Automate the repetitive parts. Keep humans for the rest.

The future of small business bookkeeping looks like a combination: software that handles the pattern-driven, high-volume work (categorization, tax classification, reconciliation), with human judgment applied to the exceptions, the year-end adjustments, and the strategic decisions. You don’t need a human to categorize your 47th Staples purchase this year. You do need one when you’re deciding how to handle a $10,000 insurance payout.

Pay for value, not for labor

Bench charged $299–$499/month because it was paying humans to do repetitive work. That model was always going to be expensive and fragile. Automation-first solutions can deliver the same outcome – clean, categorized, tax-ready books – for a fraction of the cost, because software can process 500 transactions as easily as 50. The savings aren’t small. They’re an order of magnitude.

Try CodeIQ free

Upload a bank statement and see your transactions categorized, tax-classified, and ready to post in about two minutes. Works with QuickBooks, Xero, and Sage. No lock-in, no long-term commitment.

Get Started – It’s Free

Frequently Asked Questions

What happened to Bench accounting?

Bench.co shut down in late 2024 after failing to make its human-heavy bookkeeping model financially sustainable. The company had roughly 35,000 customers at the time. Some customer accounts were acquired by competing services like Pilot and 1-800Accountant, but many small business owners were left to find their own replacement. Bench’s proprietary platform also meant that exporting historical data was difficult for some users.

What is the best replacement for Bench bookkeeping?

The best replacement depends on your needs and budget. If you want a similar hands-off experience, online bookkeeping services like Pilot or Bookkeeper360 offer human bookkeepers paired with software, typically for $200–$600 per month. If you want to spend less, you can use accounting software like QuickBooks or Xero with an automation layer like CodeIQ that handles transaction categorization, sales tax classification, and reconciliation for as little as $5 per month.

Can automated bookkeeping software really replace a human bookkeeper?

For most small businesses with straightforward finances, yes.
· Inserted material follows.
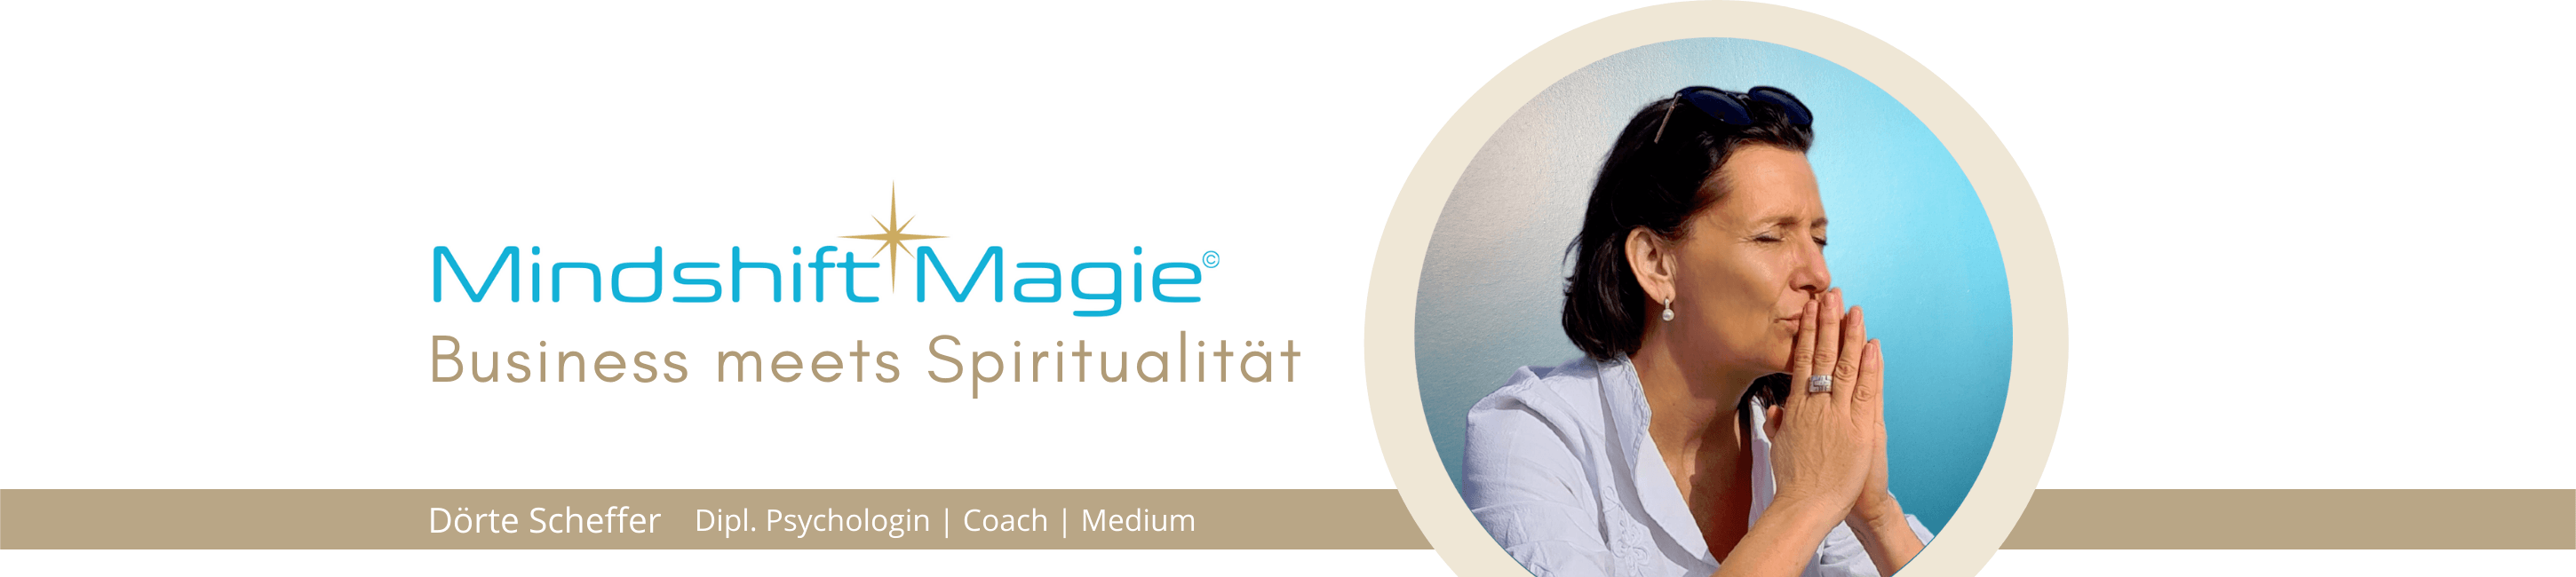 Mindshift Magie - Dörte Scheffer Psychologin Coach Medium

Modern automation tools can categorize transactions, classify sales tax, detect transfers between accounts, and match payments against invoices. They learn your specific business patterns over time and get more accurate with use. The key difference is that you still review and approve the work before it posts. For complex situations like multiple entities, inventory management, or unusual one-off transactions, you may still want a human bookkeeper or accountant involved.

How much does automated bookkeeping cost compared to Bench?

Bench charged between $299 and $499 per month. Automated alternatives are significantly cheaper. Accounting software like QuickBooks Online costs $30–$200 per month depending on the plan. Adding an automation layer like CodeIQ starts at $5 per month on a credit-based model. Even combining both, you’re looking at roughly $35–$205 per month total. The trade-off is that you spend 15–30 minutes per month reviewing and approving the automated work, rather than having it fully hands-off.

Should I move my books to QuickBooks or Xero after leaving Bench?

Yes, moving to a standard accounting platform is strongly recommended. Bench used a proprietary platform, which is part of why the shutdown was so disruptive. With QuickBooks or Xero, your data is portable, your CPA almost certainly already knows the software, and you can add or remove third-party tools without losing your financial records. Both platforms have bank feed integrations and work with automation tools like CodeIQ for transaction categorization.